How to avoid using two loops when using Promise.all() dynamically?

Question

Whenever you see Promise.all() being used, it is usually used with two loops, how can I make it into only one without using async and mantaining execution order?

The question is not about the order, I know promise.all preserves order, the question is about how to avoid two loops when you just need the returned value

function timeout(x){
 return new Promise( resolve => {
  setTimeout( () => {
    return resolve(x);
  },x)
 })
}

const promises = [];
const results = [];
//First loop, array creation
for (i = 0; i < 20; i++) { 
  const promise = timeout(i*100)
  promises.push(promise);
}

Promise.all(promises).then( resolvedP => {
    //Second loop, async result handling
    resolvedP.forEach( (timeout,i) => {
    results.push({
      index : i,
      timeout : timeout
    })
  })
  console.log(results);
})
//End of code

Now, this can be solved with async but in my context I can't use it, for example :

//Only one loop
for (i = 0; i < 20; i++) {
  const timeoutAwait = await timeout(i*100);
  results.push({
      index : i,
      timeout : timeoutAwait
    })
}
console.log(results)
//End of code

What I have tried is the following, but the promise doesn't return the resolve value without using .then() :

for (i = 0; i < 20; i++) { 
  const promise = timeout(i*100)
  promises.push(promise);
  results.push({index : i, timeout : promise});
}

Promise.all(promises).then( resolvedP => {
    resolvedP.forEach( (timeout,i) => {
      results.push({
        index : i,
        timeout : timeout
      })
    })
    console.log(results);
    //results[0].timeout is a Promise object instead of 0
})
//End of code

So, is there any way I can make my first code sample in only one loop? Please ignore the context, is only an example.

Answer 1

function timeout(x) {
  return new Promise(resolve => {
    setTimeout(() => {
      return resolve(x);
    }, x);
  });
}

const promises = [];
const results = [];
//First loop, array creation
for (let i = 0; i < 20; i++) {
  const promise = timeout(i * 100).then(x => results.push({
    index: i,
    timeout: x
  }));
  promises.push(promise);
}
Promise.all(promises).then(() => {
  console.log(results);
});

If you want to preserve execution/results order assign results using i index instead of .push

const promise = timeout(i * 100).then(x => results[i] = {
  index: i,
  timeout: x
});

Answer 2

As by the Promise.all documentation, the order will be preserved.
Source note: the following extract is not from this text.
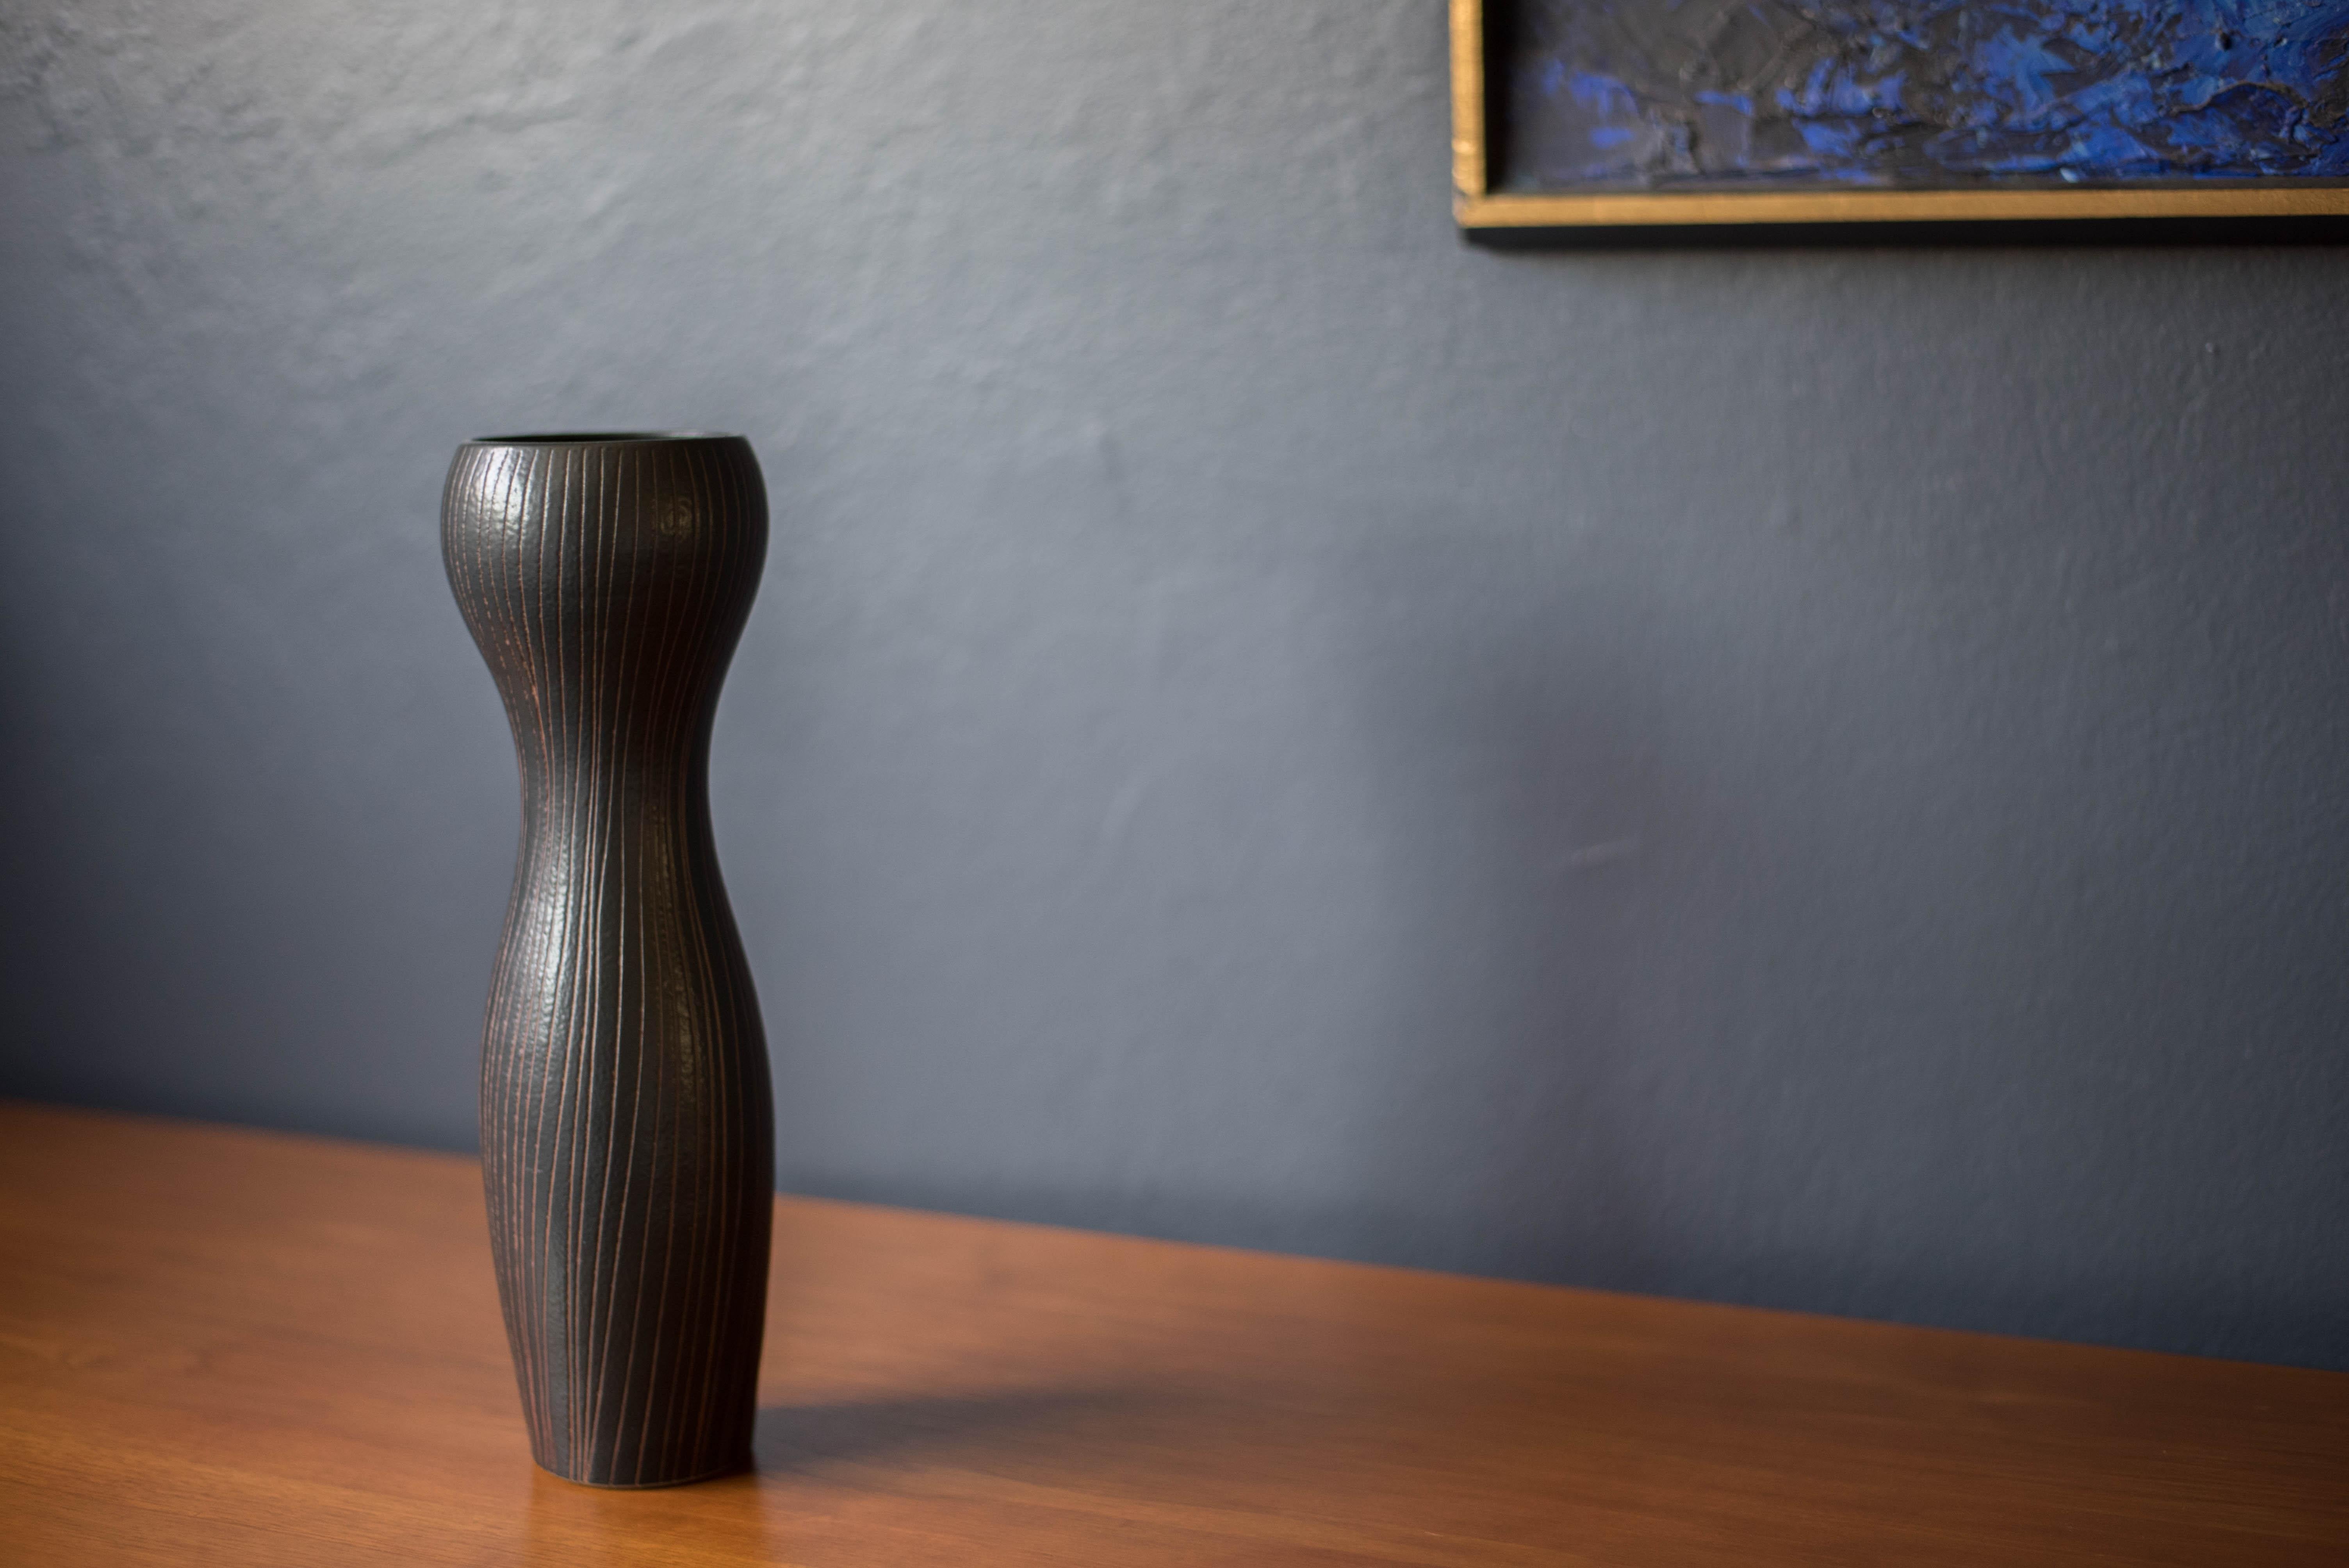 Vase en céramique de style moderne du milieu du siècle par Otagiri Mercantile Company, vers les années 1960. Ce récipient unique présente une forme sculpturale en grès avec des incisions décoratives naturelles dans une finition noire mate.

It says about the return value:

A pending Promise in all other cases. This returned promise is then resolved/rejected asynchronously (as soon as the stack is empty) when all the promises in the given iterable have resolved, or if any of the promises reject. See the example about "Asynchronicity or synchronicity of Promise.all" below. Returned values will be in order of the Promises passed, regardless of completion order.

(Highlighted by me.)

Answer 3

I find it more easy to understand if you map over an array of values instead of looping:

const timeout = x=>Promise.resolve(x);

Promise.all(
  [...new Array(3).keys()]//array [0,1,2]
    .map(x=>timeout(x*100))//[timeout(0*100),timeout(1*100),...
).then(
  result=>result.map(//results of the timeout, map to object
    (timeout,index)=>({
      index,
      timeout
    })
  )
).then(
  result=>console.log('result:',result)
)

It's usually not a good idea to asynchronously mutate a shared variable (the results array). Just have the promise resolve and create the result you need in the last .then, now your promise resolves to the value you want.